▸ **Source data**

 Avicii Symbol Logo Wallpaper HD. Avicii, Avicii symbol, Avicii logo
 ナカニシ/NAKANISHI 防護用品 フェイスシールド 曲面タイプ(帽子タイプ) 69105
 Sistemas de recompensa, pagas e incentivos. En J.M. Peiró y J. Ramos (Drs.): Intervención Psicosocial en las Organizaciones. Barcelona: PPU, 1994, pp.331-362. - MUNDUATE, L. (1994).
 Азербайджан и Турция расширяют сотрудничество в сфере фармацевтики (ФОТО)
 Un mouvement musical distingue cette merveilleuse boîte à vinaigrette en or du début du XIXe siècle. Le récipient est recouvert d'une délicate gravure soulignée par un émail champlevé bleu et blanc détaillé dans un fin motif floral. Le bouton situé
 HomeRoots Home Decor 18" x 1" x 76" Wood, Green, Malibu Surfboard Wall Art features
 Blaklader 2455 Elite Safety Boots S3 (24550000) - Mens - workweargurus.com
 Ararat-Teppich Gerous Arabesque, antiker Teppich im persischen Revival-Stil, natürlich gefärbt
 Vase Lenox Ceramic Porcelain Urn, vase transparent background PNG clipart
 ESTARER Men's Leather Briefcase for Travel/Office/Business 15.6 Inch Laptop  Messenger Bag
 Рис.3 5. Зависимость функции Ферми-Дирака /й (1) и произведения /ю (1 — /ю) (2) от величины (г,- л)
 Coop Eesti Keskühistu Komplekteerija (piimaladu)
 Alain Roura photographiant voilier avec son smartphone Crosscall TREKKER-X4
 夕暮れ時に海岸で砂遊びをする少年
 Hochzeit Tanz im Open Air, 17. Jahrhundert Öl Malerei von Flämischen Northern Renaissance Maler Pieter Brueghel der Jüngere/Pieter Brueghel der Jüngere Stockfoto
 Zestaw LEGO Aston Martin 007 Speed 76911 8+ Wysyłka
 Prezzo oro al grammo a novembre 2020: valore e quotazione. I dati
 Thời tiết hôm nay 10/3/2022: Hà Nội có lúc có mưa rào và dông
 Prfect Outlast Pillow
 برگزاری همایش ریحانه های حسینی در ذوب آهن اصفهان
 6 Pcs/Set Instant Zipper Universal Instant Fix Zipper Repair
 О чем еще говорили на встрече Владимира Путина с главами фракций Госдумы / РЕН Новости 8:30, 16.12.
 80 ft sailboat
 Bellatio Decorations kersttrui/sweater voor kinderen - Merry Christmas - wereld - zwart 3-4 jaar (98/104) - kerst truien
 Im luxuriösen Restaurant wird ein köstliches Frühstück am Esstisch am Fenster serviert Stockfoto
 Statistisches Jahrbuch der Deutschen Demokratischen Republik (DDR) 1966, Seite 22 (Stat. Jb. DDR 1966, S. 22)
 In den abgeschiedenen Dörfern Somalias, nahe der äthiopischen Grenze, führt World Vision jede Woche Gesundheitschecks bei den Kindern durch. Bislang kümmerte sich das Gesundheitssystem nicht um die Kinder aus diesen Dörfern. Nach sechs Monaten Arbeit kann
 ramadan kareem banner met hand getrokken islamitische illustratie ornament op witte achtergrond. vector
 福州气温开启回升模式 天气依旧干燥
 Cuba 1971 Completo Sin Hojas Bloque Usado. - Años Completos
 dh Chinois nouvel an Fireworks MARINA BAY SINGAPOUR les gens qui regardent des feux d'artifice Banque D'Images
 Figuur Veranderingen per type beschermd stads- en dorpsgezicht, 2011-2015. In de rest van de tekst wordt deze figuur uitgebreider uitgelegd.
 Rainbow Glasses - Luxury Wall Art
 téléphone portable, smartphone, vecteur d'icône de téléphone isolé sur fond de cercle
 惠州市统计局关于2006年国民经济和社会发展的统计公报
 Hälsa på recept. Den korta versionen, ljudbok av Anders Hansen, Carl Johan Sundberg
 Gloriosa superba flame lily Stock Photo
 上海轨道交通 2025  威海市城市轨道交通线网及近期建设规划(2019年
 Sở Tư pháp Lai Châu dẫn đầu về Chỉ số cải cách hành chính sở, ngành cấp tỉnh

▸ **What the task asks**
Output the entries above in their entirety, exactly as written.

▸ **Output below**
 Avicii Symbol Logo Wallpaper HD. Avicii, Avicii symbol, Avicii logo
 ナカニシ/NAKANISHI 防護用品 フェイスシールド 曲面タイプ(帽子タイプ) 69105
 Sistemas de recompensa, pagas e incentivos. En J.M. Peiró y J. Ramos (Drs.): Intervención Psicosocial en las Organizaciones. Barcelona: PPU, 1994, pp.331-362. - MUNDUATE, L. (1994).
 Азербайджан и Турция расширяют сотрудничество в сфере фармацевтики (ФОТО)
 Un mouvement musical distingue cette merveilleuse boîte à vinaigrette en or du début du XIXe siècle. Le récipient est recouvert d'une délicate gravure soulignée par un émail champlevé bleu et blanc détaillé dans un fin motif floral. Le bouton situé
 HomeRoots Home Decor 18" x 1" x 76" Wood, Green, Malibu Surfboard Wall Art features
 Blaklader 2455 Elite Safety Boots S3 (24550000) - Mens - workweargurus.com
 Ararat-Teppich Gerous Arabesque, antiker Teppich im persischen Revival-Stil, natürlich gefärbt
 Vase Lenox Ceramic Porcelain Urn, vase transparent background PNG clipart
 ESTARER Men's Leather Briefcase for Travel/Office/Business 15.6 Inch Laptop  Messenger Bag
 Рис.3 5. Зависимость функции Ферми-Дирака /й (1) и произведения /ю (1 — /ю) (2) от величины (г,- л)
 Coop Eesti Keskühistu Komplekteerija (piimaladu)
 Alain Roura photographiant voilier avec son smartphone Crosscall TREKKER-X4
 夕暮れ時に海岸で砂遊びをする少年
 Hochzeit Tanz im Open Air, 17. Jahrhundert Öl Malerei von Flämischen Northern Renaissance Maler Pieter Brueghel der Jüngere/Pieter Brueghel der Jüngere Stockfoto
 Zestaw LEGO Aston Martin 007 Speed 76911 8+ Wysyłka
 Prezzo oro al grammo a novembre 2020: valore e quotazione. I dati
 Thời tiết hôm nay 10/3/2022: Hà Nội có lúc có mưa rào và dông
 Prfect Outlast Pillow
 برگزاری همایش ریحانه های حسینی در ذوب آهن اصفهان
 6 Pcs/Set Instant Zipper Universal Instant Fix Zipper Repair
 О чем еще говорили на встрече Владимира Путина с главами фракций Госдумы / РЕН Новости 8:30, 16.12.
 80 ft sailboat
 Bellatio Decorations kersttrui/sweater voor kinderen - Merry Christmas - wereld - zwart 3-4 jaar (98/104) - kerst truien
 Im luxuriösen Restaurant wird ein köstliches Frühstück am Esstisch am Fenster serviert Stockfoto
 Statistisches Jahrbuch der Deutschen Demokratischen Republik (DDR) 1966, Seite 22 (Stat. Jb. DDR 1966, S. 22)
 In den abgeschiedenen Dörfern Somalias, nahe der äthiopischen Grenze, führt World Vision jede Woche Gesundheitschecks bei den Kindern durch. Bislang kümmerte sich das Gesundheitssystem nicht um die Kinder aus diesen Dörfern. Nach sechs Monaten Arbeit kann
 ramadan kareem banner met hand getrokken islamitische illustratie ornament op witte achtergrond. vector
 福州气温开启回升模式 天气依旧干燥
 Cuba 1971 Completo Sin Hojas Bloque Usado. - Años Completos
 dh Chinois nouvel an Fireworks MARINA BAY SINGAPOUR les gens qui regardent des feux d'artifice Banque D'Images
 Figuur Veranderingen per type beschermd stads- en dorpsgezicht, 2011-2015. In de rest van de tekst wordt deze figuur uitgebreider uitgelegd.
 Rainbow Glasses - Luxury Wall Art
 téléphone portable, smartphone, vecteur d'icône de téléphone isolé sur fond de cercle
 惠州市统计局关于2006年国民经济和社会发展的统计公报
 Hälsa på recept. Den korta versionen, ljudbok av Anders Hansen, Carl Johan Sundberg
 Gloriosa superba flame lily Stock Photo
 上海轨道交通 2025  威海市城市轨道交通线网及近期建设规划(2019年
 Sở Tư pháp Lai Châu dẫn đầu về Chỉ số cải cách hành chính sở, ngành cấp tỉnh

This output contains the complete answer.